Pink - Trouble (2003)
Pink is a lifelong rock fan and has a number of guitar-driven anthems that could have made it into this list. Trouble, however, was the song that signified the pop superstar fully embracing that side of her palette, released as the lead single from third album Try This. Teaming up with none other than Rancid legend Tim Armstrong to write the song, the single unsurprisingly leans in on punk rock as a key influence, even managing to nab Pink a Grammy win in the (now sadly defunct) Best Female Rock Vocal Performance category.
Olivia Rodrigo - Good 4 U (2021)
Good 4 U is so shameless in its debt to Paramore's Misery Business that, following outcries of plagiarism from Paramore fans, Rodrigo retroactively added singer Hayley Williams and former guitarist Josh Farro to the writing credits.
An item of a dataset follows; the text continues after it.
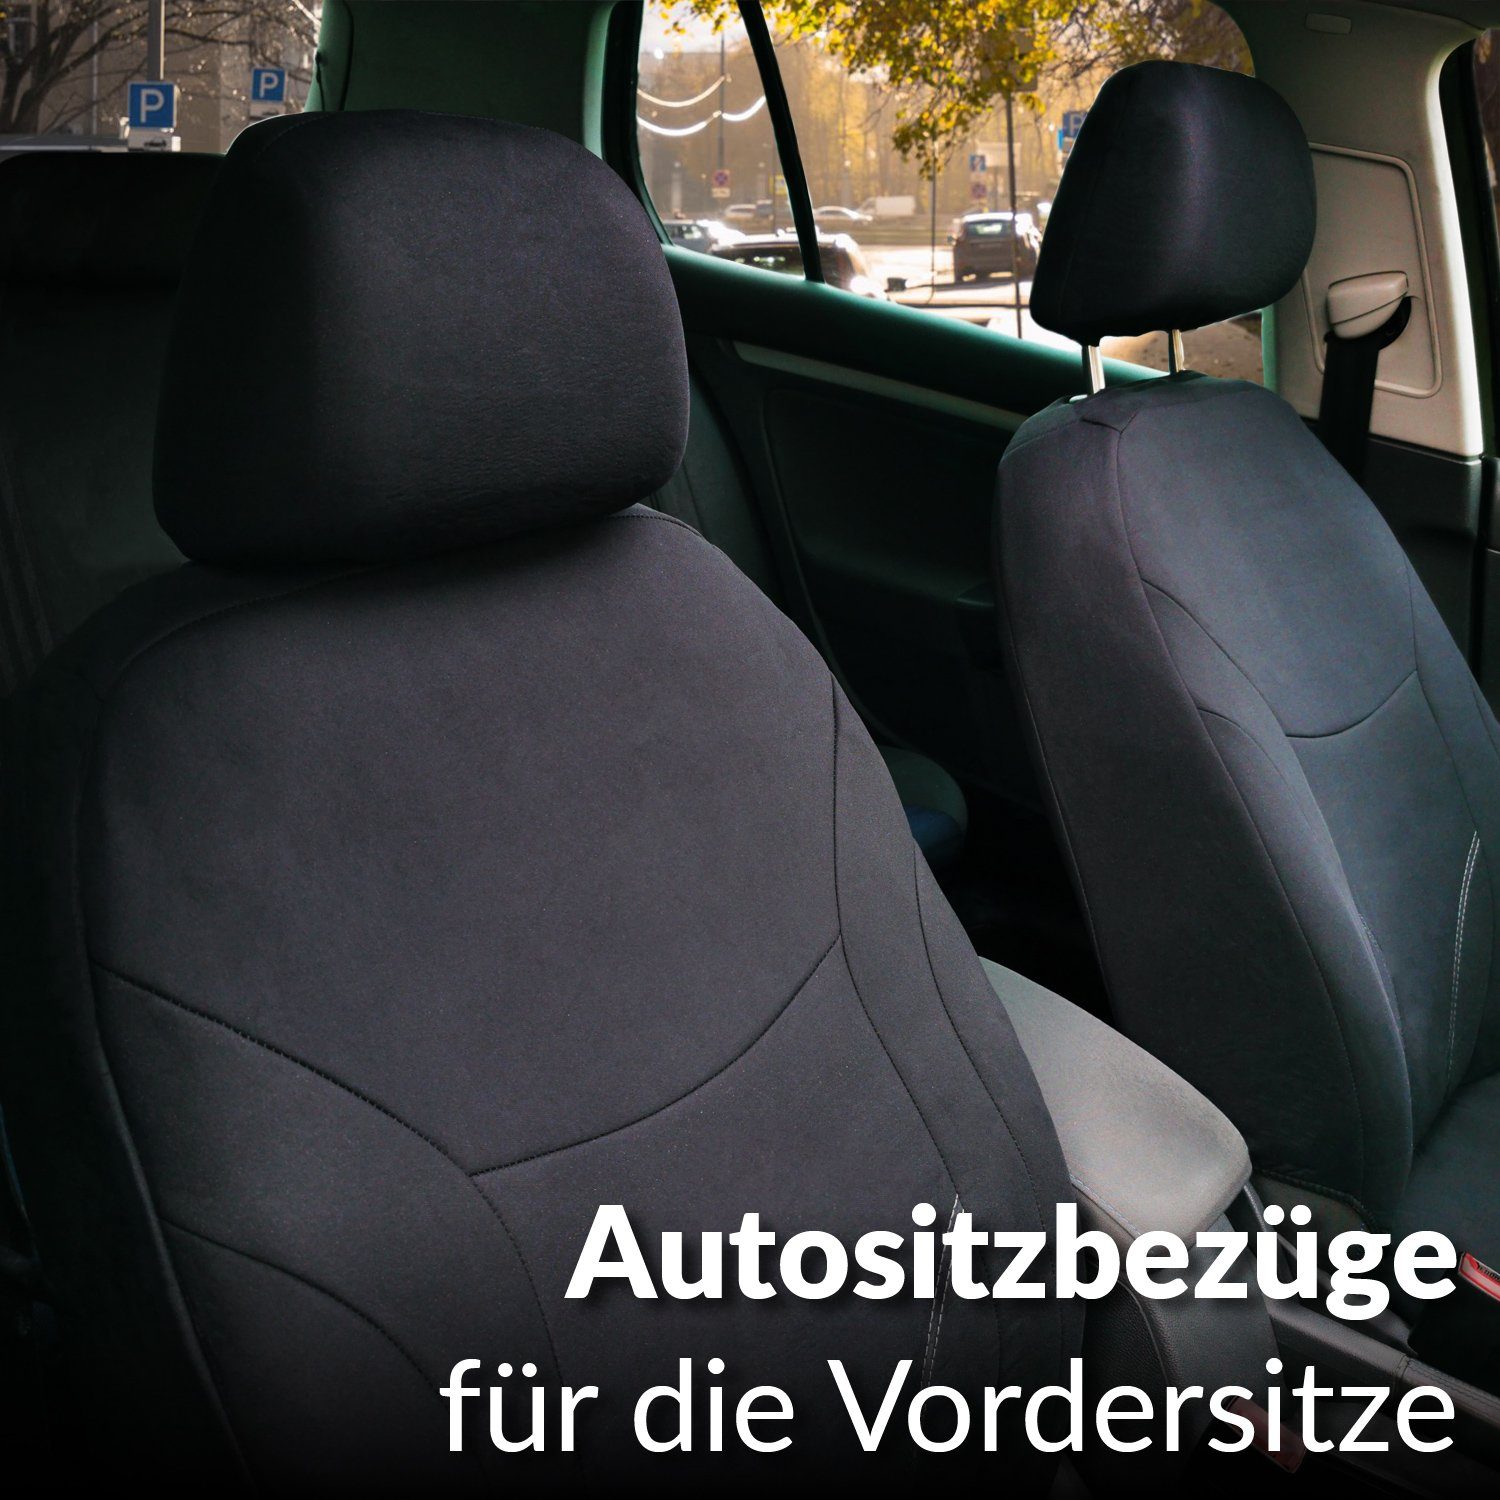 Upgrade4cars Auto-Sitzbezüge Vordersitze Schwarz Rot, Auto-Schonbezüge Set  Vorne für Fahrersitz & Beifahrer

Some claimed it was a lovingly knowing sign of respect and gratitude, while Variety reported that the credit may have recognised that parts of Misery Business were actually used in the song. It doesn't matter: Good 4 U was a monstrously huge pop-rock smash, clocking up billions of streams and becoming one of the defining songs of 2021. It's bloody great, too.
Miley Cyrus - Midnight Sky (2020)
Another pop star who's made no secret of her love of rock 'n' roll, Miley Cyrus went all the way in 2020 by roping in the likes of Joan Jett and Billy Idol for her 80s-tastic Plastic Hearts album. Lead single Midnight Sky was a wonderful reinvention for the singer, channelling everyone from Blondie to Stevie Nicks into a smooth, neon-flecked synth-rock rager. Miley would, of course, embrace heavy metal the following year with a critically acclaimed cover of Metallica's Nothing Else Matters for their immense Blacklist project.
Girls Aloud - No Good Advice (2003)
If Girls Aloud's debut single, 2002's Sound Of The Underground, flirted with rock via a unique mash-up of twangy surfer rock and thumping drum 'n' bass, follow-up single No Good Advice took things one step further by beefing up the guitars and layering them with pumping disco beats and swathes of futuristic synth. It might not be the most celebrated song in Girls Aloud's back catalogue, but the rockiest? You betcha.
Rina Sawayama - STFU! (2020)
"My music is a blend of a lot of different genres, but I always find myself taking inspiration from metal," Japanese-British singer-songwriter Sawayama told Metal Hammer last year when discussing her cover of Metallica's Enter Sandman. "Songs like STFU! and XS obviously have metal/nu metal influences. I love matching pop production with crunchy guitar riffs and an epic solo." Never has her combo worked better than on 2020's STFU!, a riff-driven insta-classic with so much bounce it sounds like it belongs on an Anger Management tour in 2000.
Demi Lovato - Skin Of My Teeth (2022)
Many rock fans reacted with surprise and even disgust when it was revealed that guitarist Nita Strauss had left Alice Cooper's band to play alongside pop chameleon Demi Lovato. In truth, the reaction was a little over the top: Lovato has always flirted with the alternative end of the pop spectrum, and this year's grungy, Hole-aping Skin Of My Teeth single represented a new dawn for the singer. Pop punk follow-up Substance, performed live on Jimmy Kimmel with Strauss in tow, confirmed that Lovato has gone Full Rock for their next chapter - and they're pulling it off with aplomb.